Data point usage is identical using CDI as for other ingestion methods like REST APIs or SDKs, so it is up to you to make sure that you’re only adding new or updated attributes into your source tables.
Separate EXTERNAL_ID from PAYLOAD column
The PAYLOAD object should not include an external ID or other ID type.
Remove an attribute
You can set it to null if you want to omit an attribute from a user’s profile. If you want an attribute to remain unchanged, don’t send it to Braze until it’s been updated. To completely remove an attribute, use TO_JSON(OBJECT_CONSTRUCT_KEEP_NULL(...)).
Make incremental updates
Make incremental updates to your data so you can prevent unintentional overwrites when simultaneous updates are made.
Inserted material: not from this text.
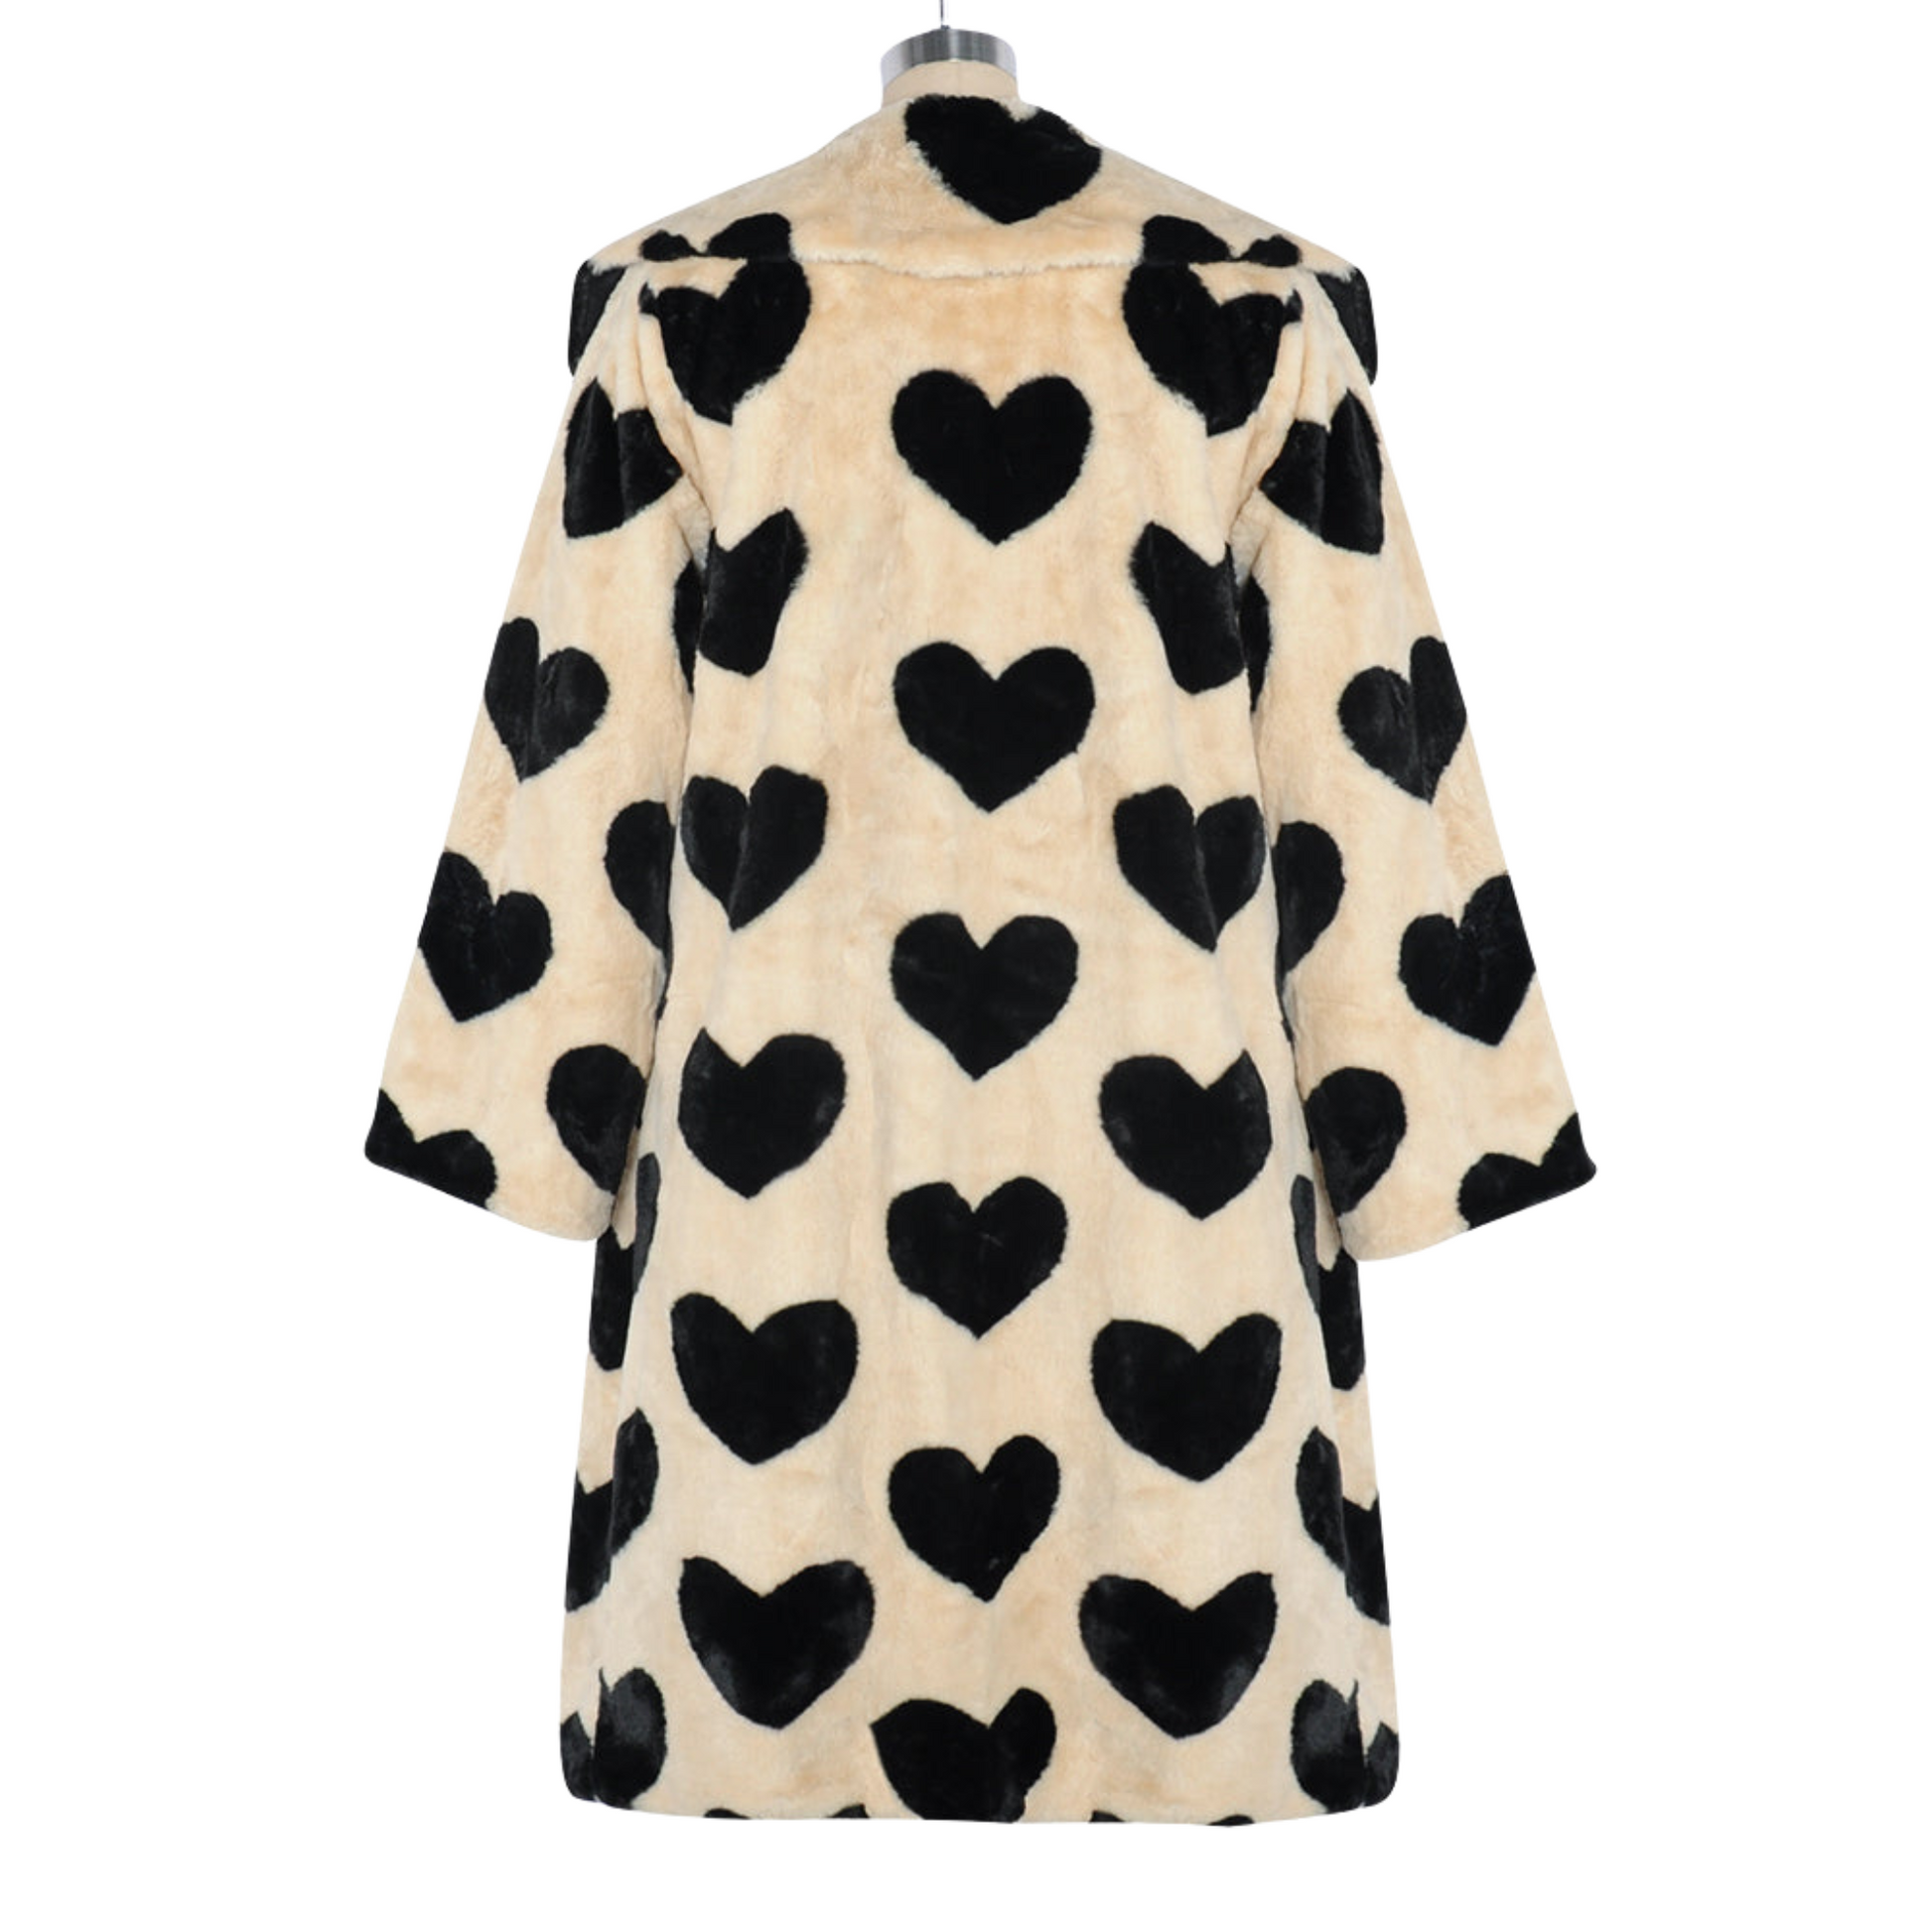 Faux Fur Heart Coat | Dreamofthe90s

In the following example, a user has two attributes:
- Color: “Green”
- Size: “Large”
Then Braze receives the following two updates to that user simultaneously:
- Request 1: Change color to “Red”
- Request 2: Change size to “Medium”
Because Request 1 occurs first, the user’s attributes are updated to the following:
- Color: “Red”
- Size: “Large”
However, when Request 2 occurs, Braze starts with the original attribute values (“Green” and “Large”), then updates the user’s attributes to the following:
- Color: “Green”
- Size: “Medium”
When the requests are finished, Request 2 will overwrite the update from Request 1, so it’s best to stagger your updates so you can prevent requests from being overwritten.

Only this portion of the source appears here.